Unnamed: 0,Date,Open,High,Low,Close,Adj Close,Volume
0,1980-12-12,0.513393,0.515625,0.513393,0.513393,0.406782,117258400
1,1980-12-15,0.488839,0.488839,0.486607,0.486607,0.385558,43971200
2,1980-12-16,0.453125,0.453125,0.450893,0.450893,0.35726,26432000
3,1980-12-17,0.462054,0.464286,0.462054,0.462054,0.366103,21610400
4,1980-12-18,0.475446,0.477679,0.475446,0.475446,0.376715,18362400


## Part 2: Historical Company Metrics
To get the many indicators of a company's success and progress, we can [use this data from usfundamental.com](http://www.usfundamentals.com/download/) to download all relevant data for each company. The data comes from the SEC. This data only goes back to 2010-2011, but it provides so many indicators that is should be very useful.
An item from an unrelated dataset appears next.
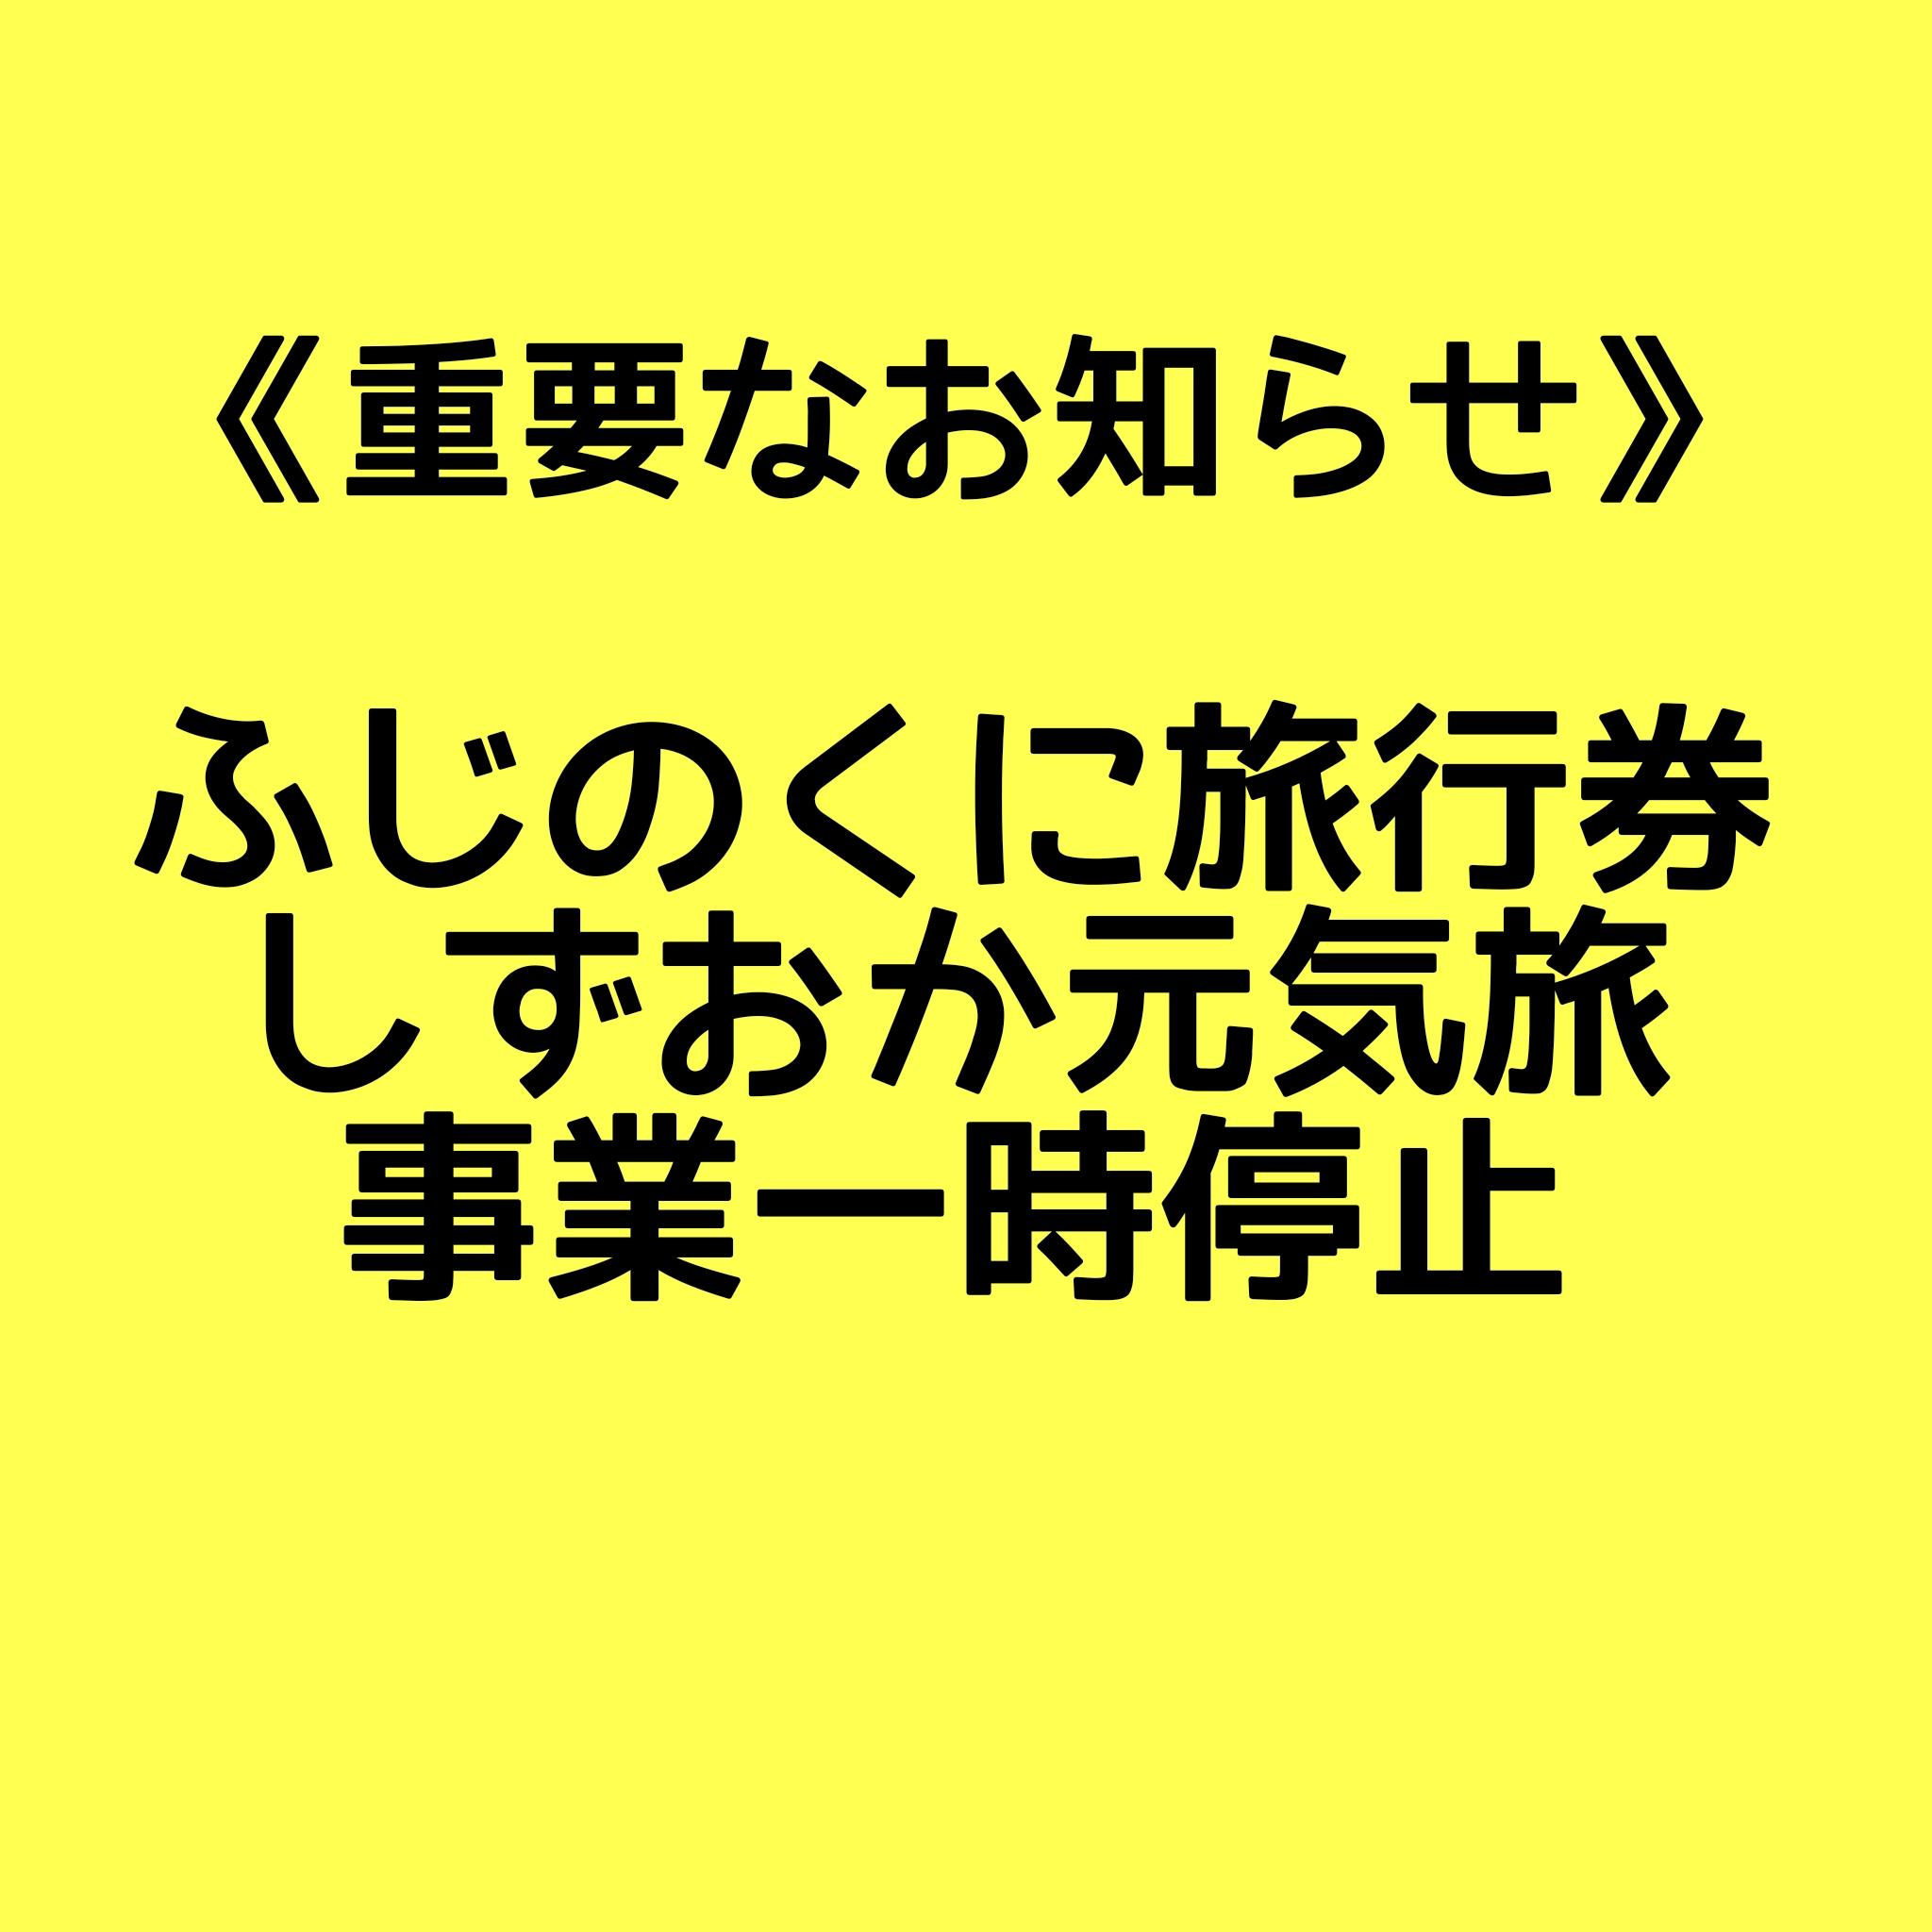 バイ・シズオカ~今こそ!しずおか!!元気旅!!!~事業一部停止のご案内
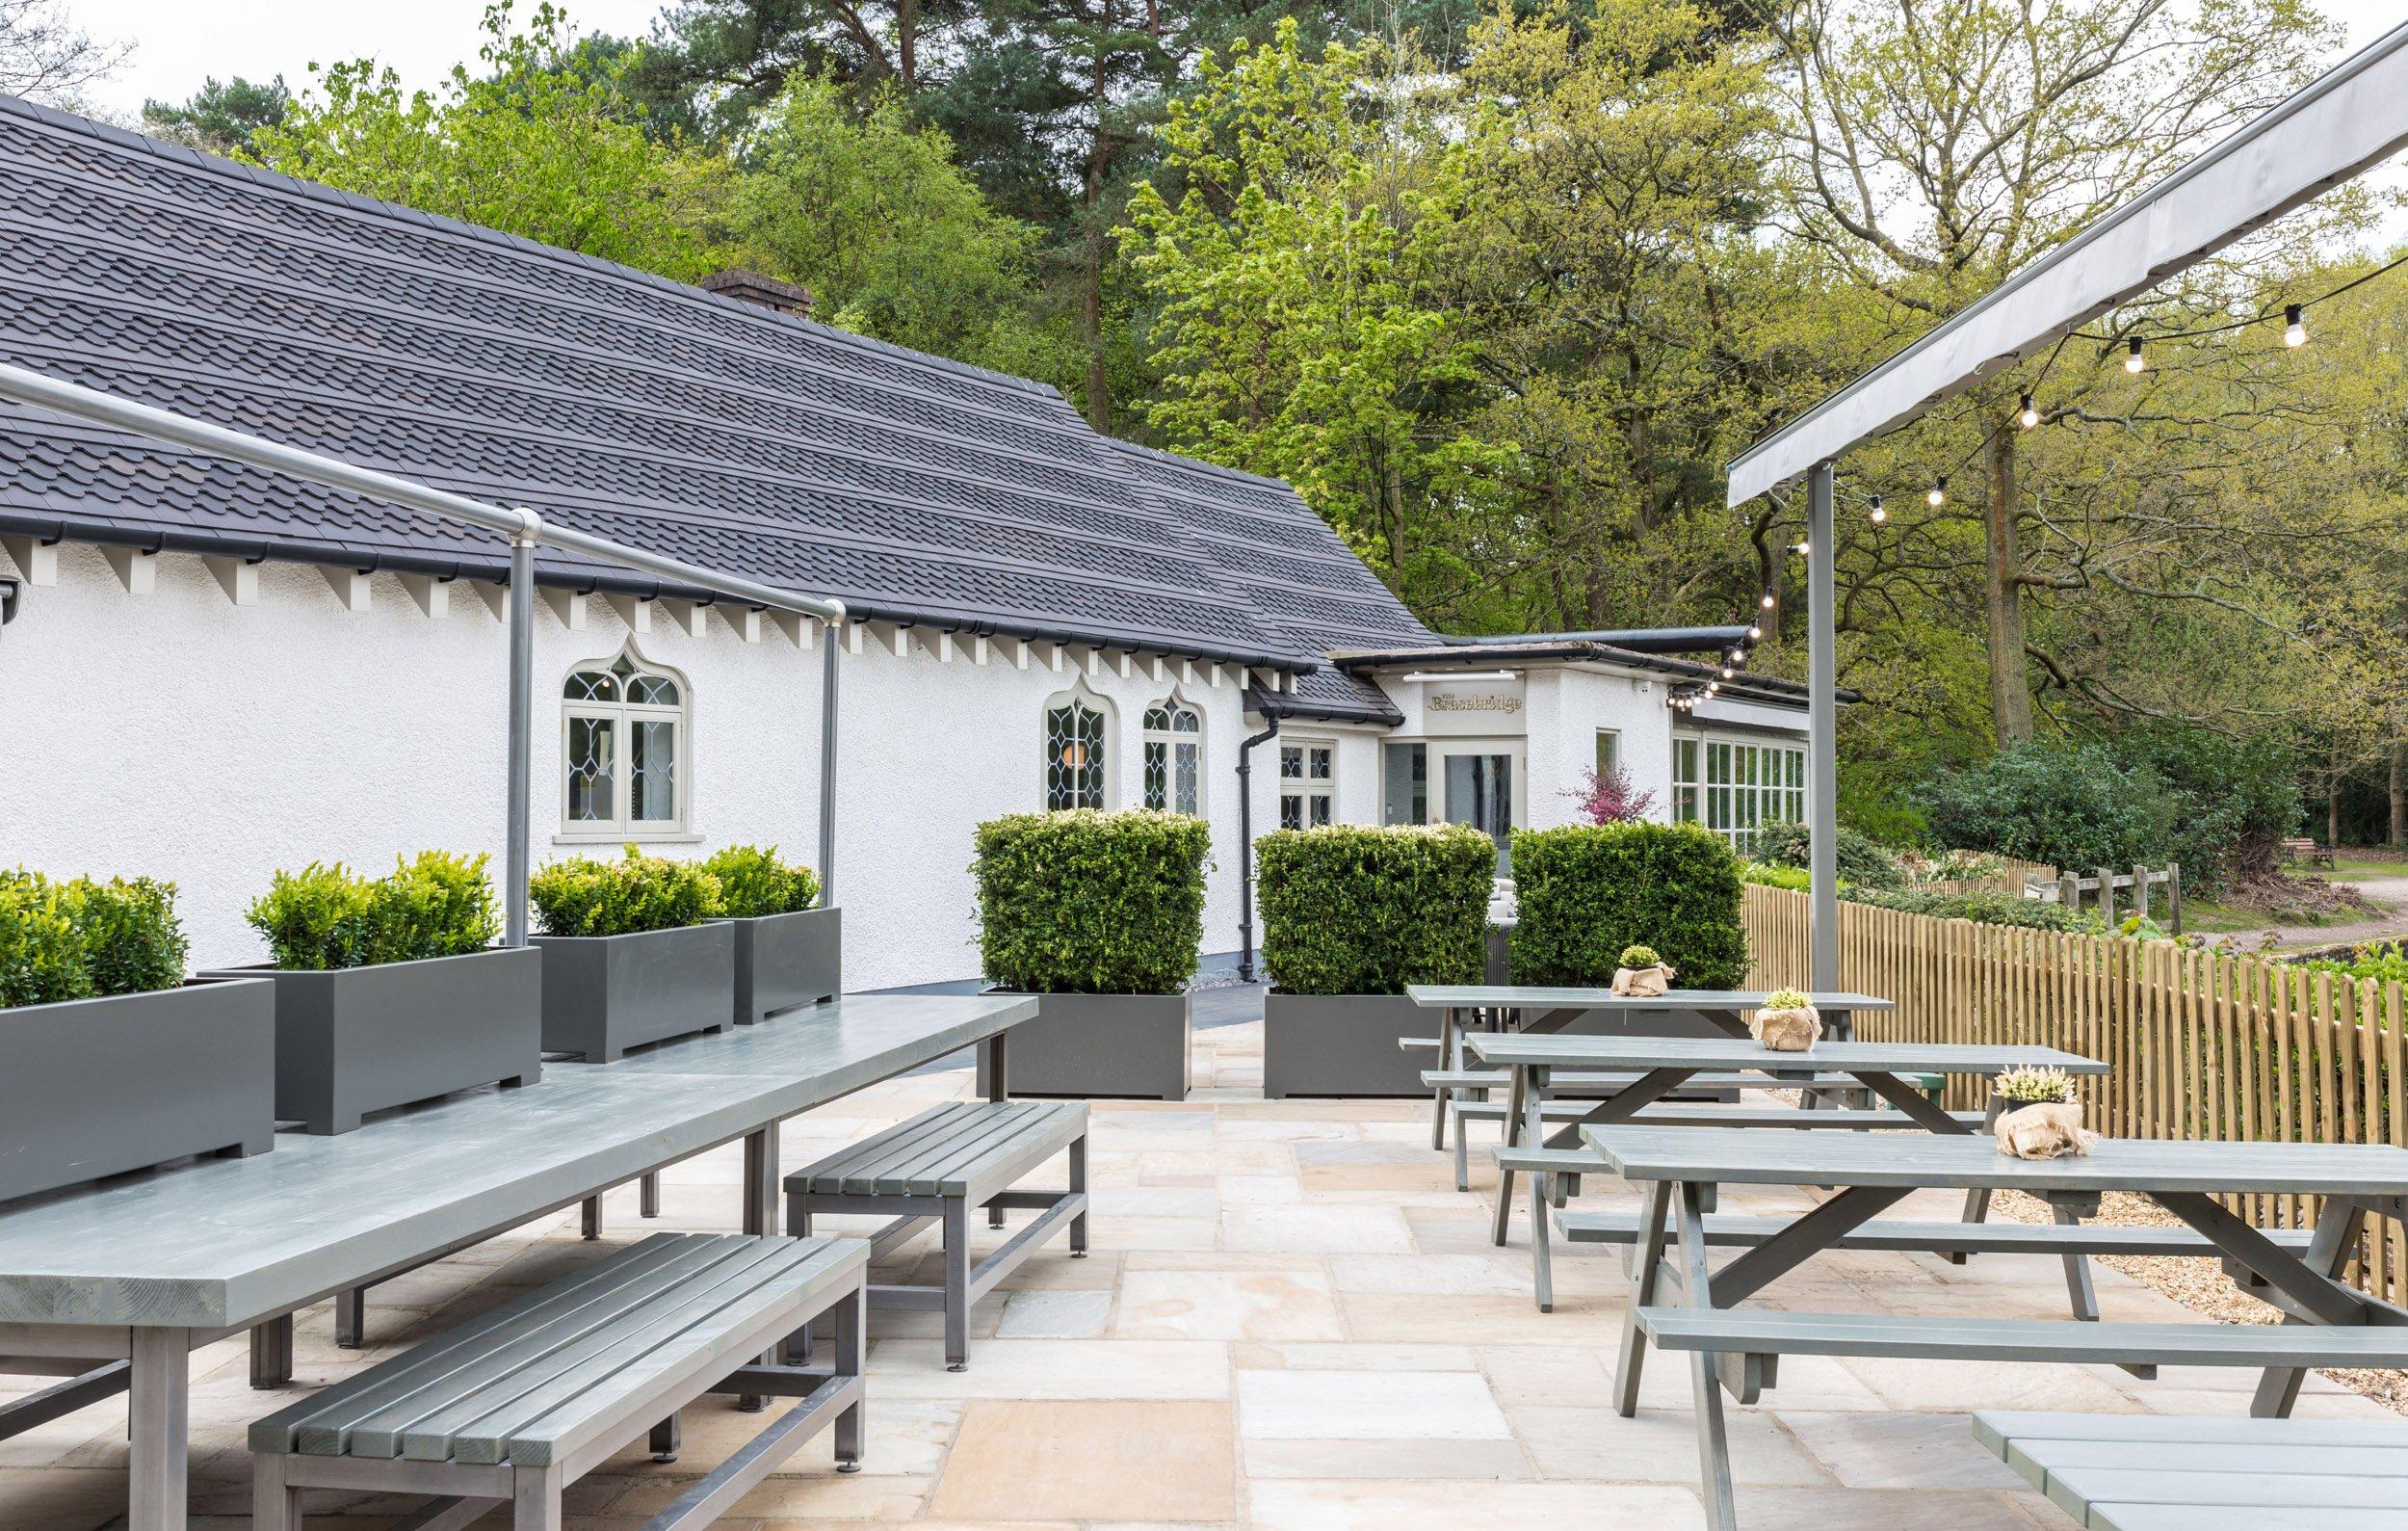 woburn-picnic-table-outsideThe Bracebridge_LR-2

These indicators include:


- Assets
- AssetsCurrent
- CashAndCashEquivalentsAtCarryingValue
- Liabilities
- LiabilitiesCurrent
- NetCashProvidedByUsedInFinancingActivities (yearly only)
- NetCashProvidedByUsedInInvestingActivities (yearly only)
- NetCashProvidedByUsedInOperatingActivities (yearly only)
- OperatingIncomeLoss
- PropertyPlantAndEquipmentNet
- Revenues
- LatestSnapshot
- CashAndCashEquivalentsAtCarryingValue
- ComprehensiveIncomeNetOfTax
- EarningsPerShareDiluted
- Goodwill

Each of these 16 categories has both yearly and quarterly datasets. Each of these csv files has each company as rows, by SEC ID, and then each year or quarter as columns. For example:


In [4]:
df_assets = pd.read_csv('Assets-quarterly.csv')
df_assets.head()

Unnamed: 0,SEC ID,2011Q1,2011Q2,2011Q3,2011Q4,2012Q1,2012Q2,2012Q3,2012Q4,2013Q1,...,2015Q1,2015Q2,2015Q3,2015Q4,2016Q1,2016Q2,2016Q3,2016Q4,2017Q1,2017Q2
0,1003130,,75578000.0,69126000.0,66433000.0,69707000.0,60158000.0,52906000.0,48968000.0,50060000.0,...,,,,,,,,,,
1,1133116,,35.0,220.0,75013.0,21749.0,47437.0,38114.0,38144.0,31711.0,...,18409.0,,,,,,,,,
2,912513,3826500000.0,3857000000.0,3630700000.0,3536700000.0,3715900000.0,3858400000.0,3955900000.0,3922100000.0,3961200000.0,...,2722700000.0,2776400000.0,2808100000.0,,,,,,,
3,1101026,,,366051.0,463494.0,417429.0,,,234004.0,221235.0,...,183030.0,119244.0,101796.0,72680.0,349598.0,90846.0,749910.0,737292.0,1238745.0,
4,23197,998563000.0,937509000.0,853373000.0,,765400000.0,719778000.0,705594000.0,,684747000.0,...,471487000.0,473795000.0,459042000.0,,462170000.0,921196000.0,903452000.0,,883508000.0,863758000.0


### Method:

This problem is a regression problem. Given the information about the changes to a company's stock performance in the past, and the information about their finances and performance, we hope to estimate the future performance of the company. We will try to create associations between the numbers in the company's finances, along the changes in these numbers over time, with the changes in the stock's price.

We will use these associations to predict the future of the company's stock price given these association and any current/new data. If we get new earnings calls or other financial reports, we hope to be able to predict how this will change their stock price.